Tuesday, August 15, 2006

Other Items

Sudarsan Raghavan's "Iran Said to Support Shiite Militias in Iraq: Proxy Groups Involved, U.S. Asserts" (Washington Post) and Edward Wong's "Speaker of Iraqi Parliament May Step Down" (New York Times) try to make sense out of military p.r. flack William Caldwell's statements yesterday where 'we have proof, we just can't prove it.' No one bothers to harken back to Vinnie Brooks -- if they did we might see it for the p.r. push it is (as when Brooks issued statement after statement about Jessica Lynch's 'rescue').

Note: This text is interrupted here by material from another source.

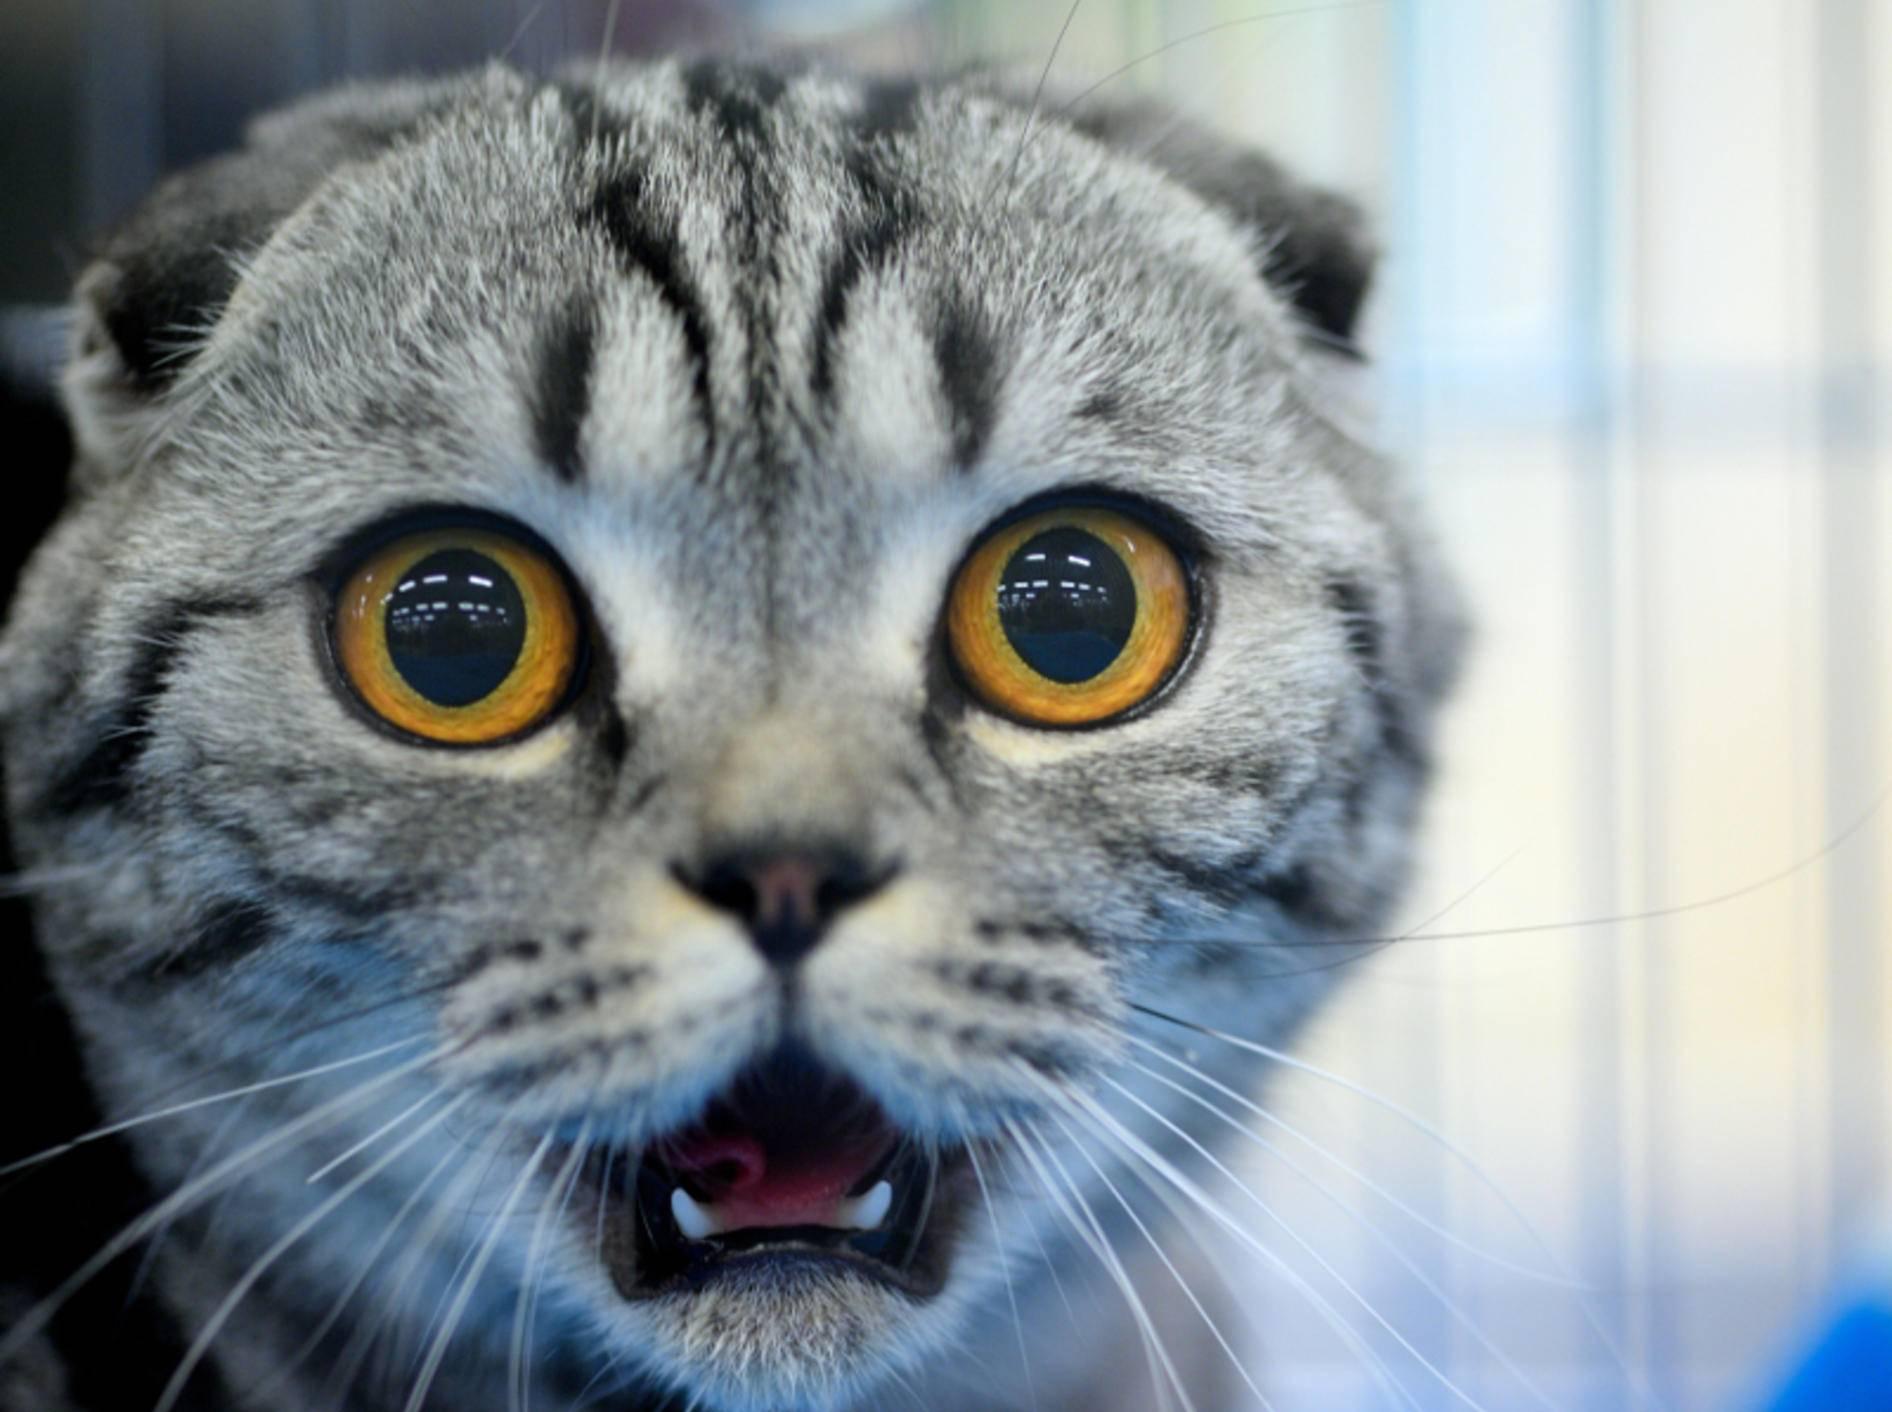 """Waaas? Kater Garfield ist bloß eine Comicfigur?"" – Bild: Shutterstock / The Len"
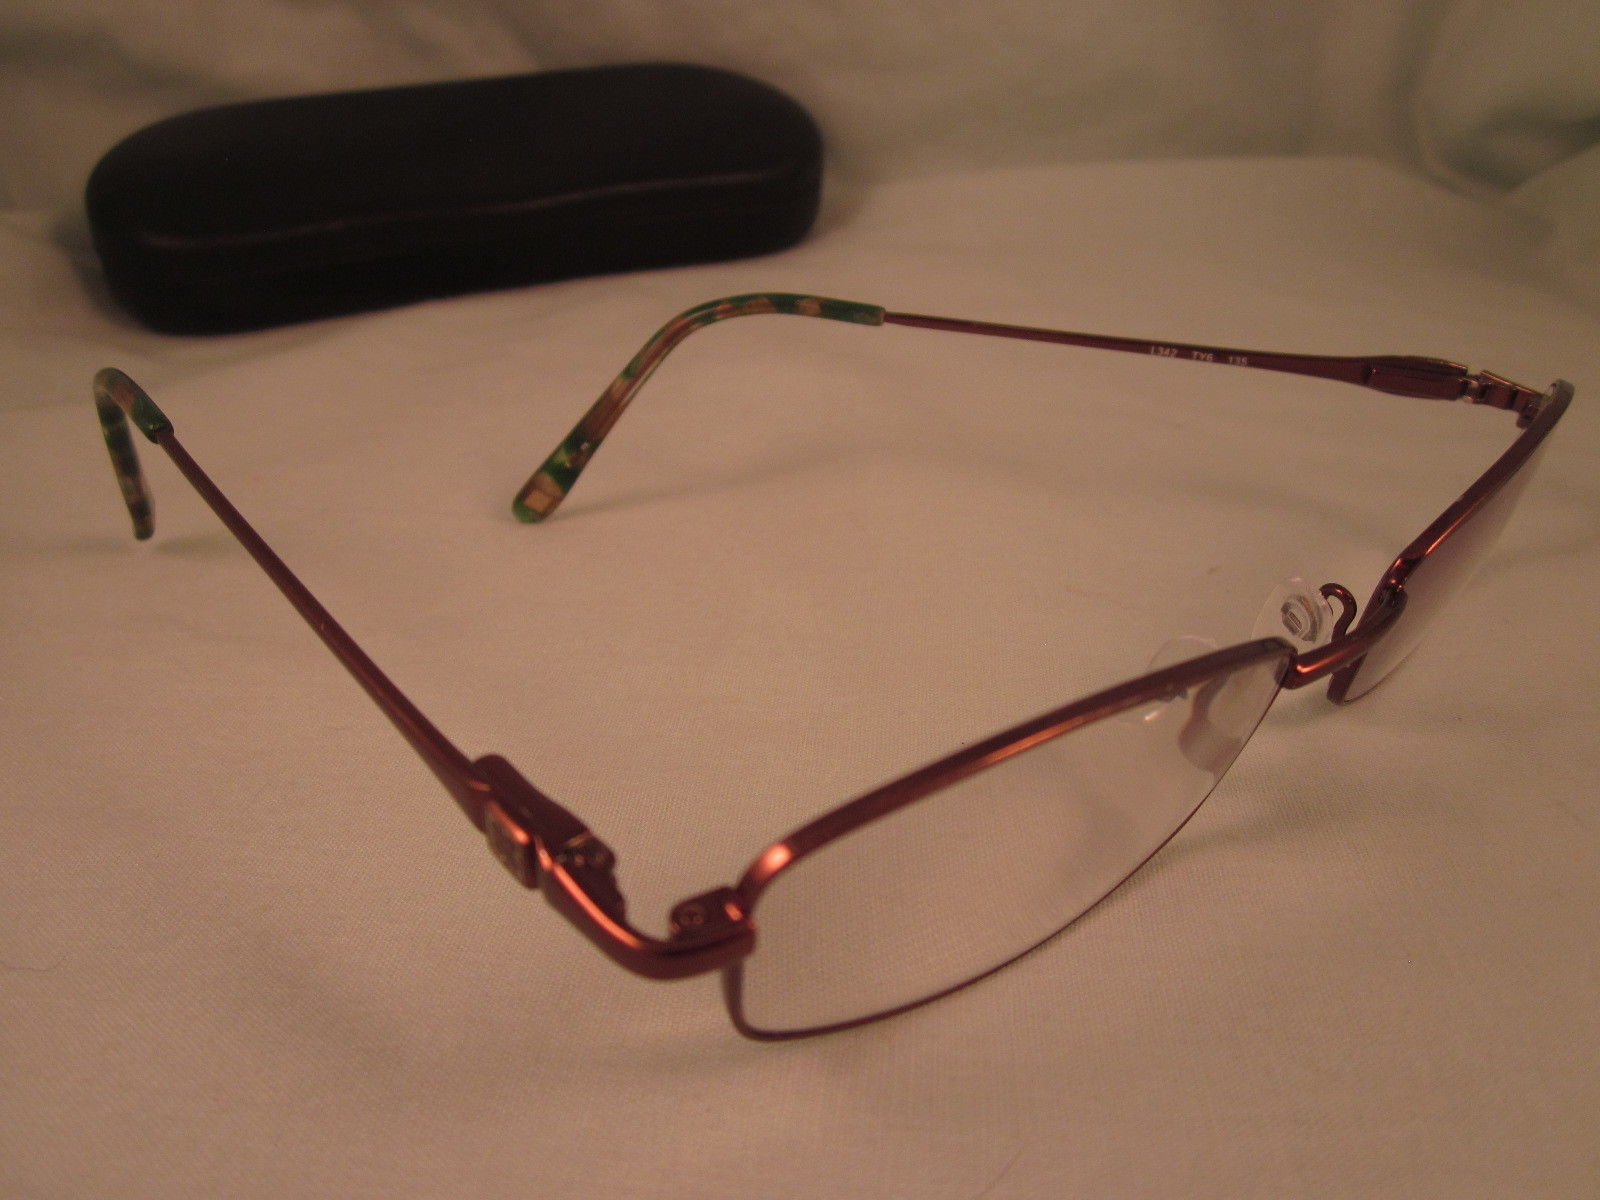 Liz Claiborne Eyeglasses: 25 listings

Addressing Seymour Hersh's "WATCHING LEBANON: Washington's interests in Israel’s war" (The New Yorker), Andrew Buncombe's "Bush 'Viewed War in Lebanon as a Curtain-Raiser for Attack on Iran'" (Independent of London via Common Dreams):

The Bush administration was informed in advance and gave the "green light" to Israel's military strikes against Hizbollah ­ with plans drawn up months before two Israeli soldiers were seized ­it has been claimed.
The US reportedly considered Israel's actions as a necessary prerequisite for a possible strike against Iran. A report by a leading investigative reporter says that earlier this summer Israeli officials visited Washington to brief the government on its plan to respond to any Hizbollah provocation and to "find out how much the US would bear".
The officials apparently started their inquiries with Vice-President Dick Cheney, knowing that if they secured his support, obtaining the backing of President Bush and Condoleezza Rice would be easier.
The report by Seymour Hersh quotes an unidentified US government consultant with close ties to the Israelis who says: "The Israelis told us it would be a cheap war with many benefits. Why oppose it? We'll be able to hunt down and bomb missiles, tunnels, and bunkers from the air. It would be a demo for Iran."

From Hersh's article (starting with the "hunt down and bomb" because it bears noting):

"The Israelis told us it would be a cheap war with many benefits," a U.S. government consultant with close ties to Israel said. "Why oppose it? We'll be able to hunt down and bomb missiles, tunnels, and bunkers from the air. It would be a demo for Iran."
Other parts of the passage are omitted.